Just for kicks, I’m scheduled to participate in the Institute for Health Technology Transformation’s Health IT Summit, Nov. 2-3 in Beverly Hills, Calif.

All are worthwhile, and all will be great places to find relevant stories for this blog and my various media clients. It probably makes most sense to go west, hitting MGMA and TEDMED, then spending the weekend in California before IHT2. But AMIA and CHIME always produce quality stories for me and supply me with leads which could pay off months later.

If you were in my shoes, which would you choose?

September 1, 2011 I Written By

I'm a freelance healthcare journalist, specializing in health IT, mobile health, healthcare quality fast $5000 loans-cash.net with bad credit, hospital/physician practice management and healthcare finance.

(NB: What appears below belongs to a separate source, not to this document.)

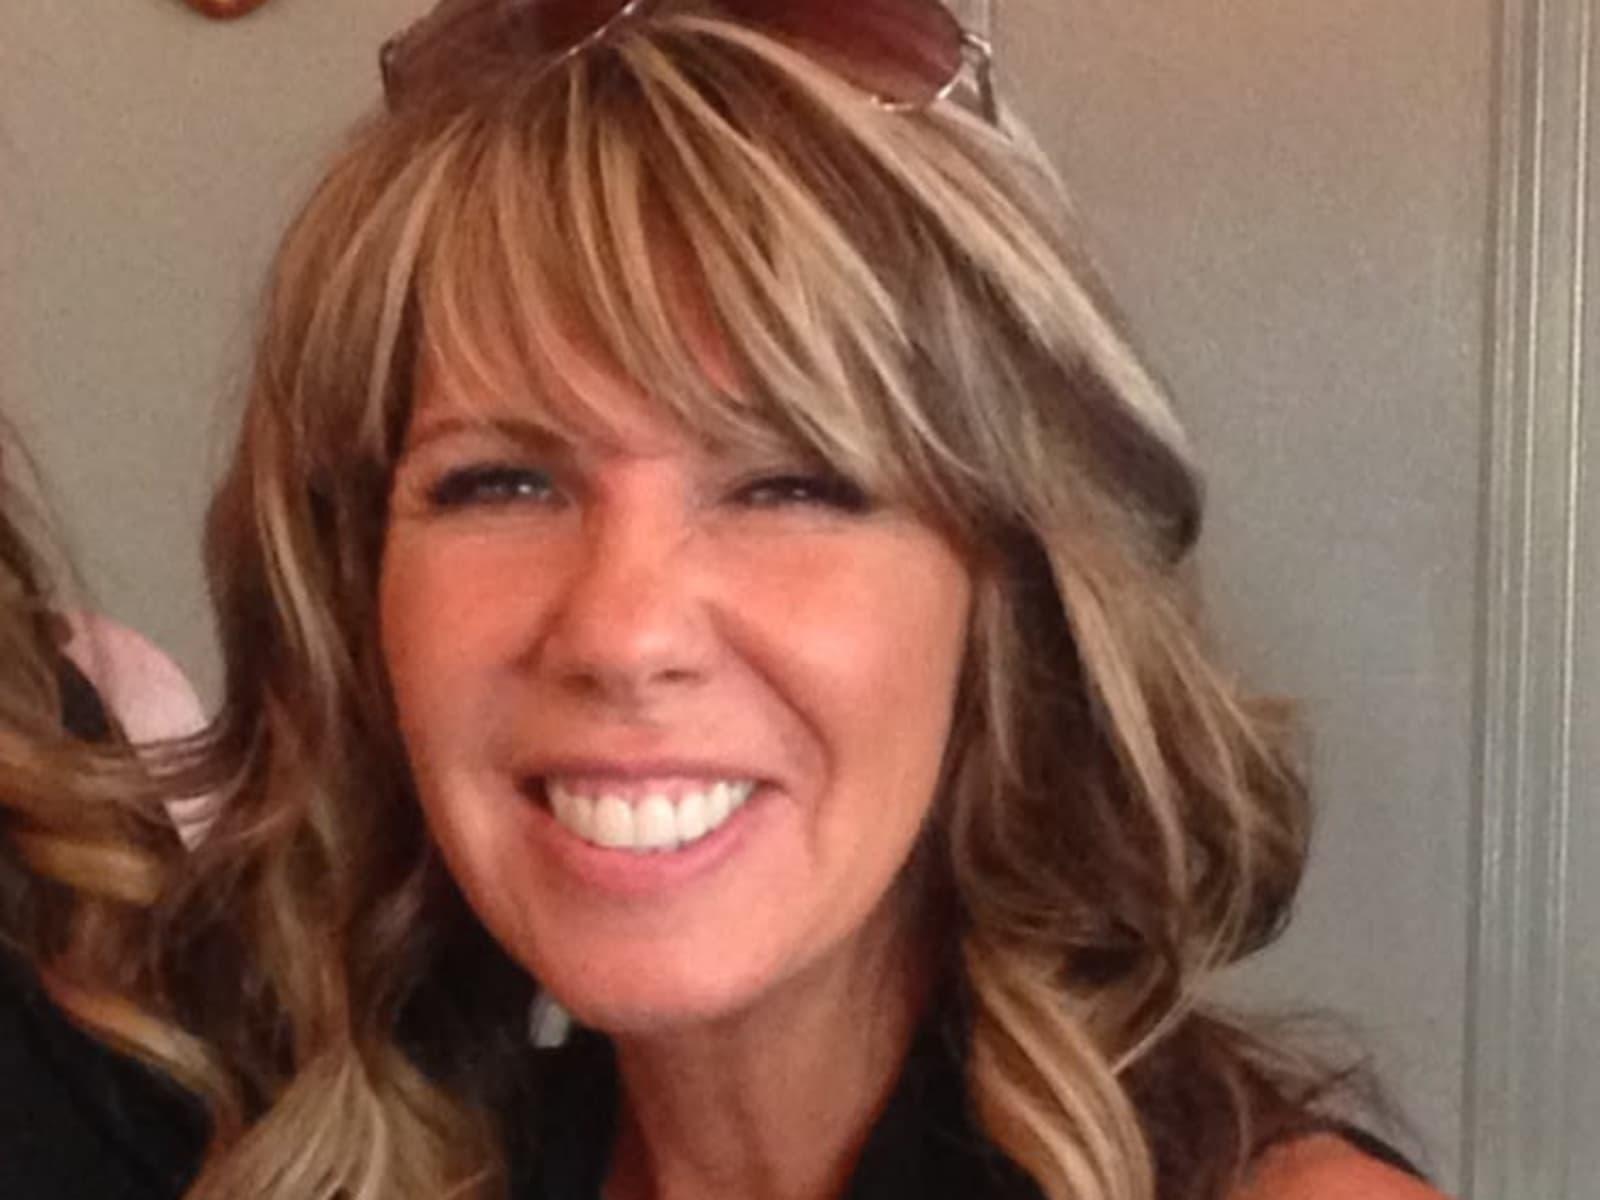 Susan from Stratford, Ontario, Canada

Topol’s talk at TEDMED 2009

If you saw my presentation to Meharry Medical College earlier this month either live or on video, you know I referenced Dr. Eric Topol’s talk at TEDMED 2009, in which the Scripps Health cardiologist predicted the demise of the stethoscope by the 2016, the 200th anniversary of that old standby. If you were curious, there is video available of Topol’s session. In fact, it’s right here.

You don’t actually get to see Topol throwing his stethoscope in the trash. I understand that happened right when he took the stage. This video starts a little after then.

April 25, 2011 I Written By

I'm a freelance healthcare journalist, specializing in health IT, mobile health, healthcare quality fast $5000 loans-cash.net with bad credit, hospital/physician practice management and healthcare finance.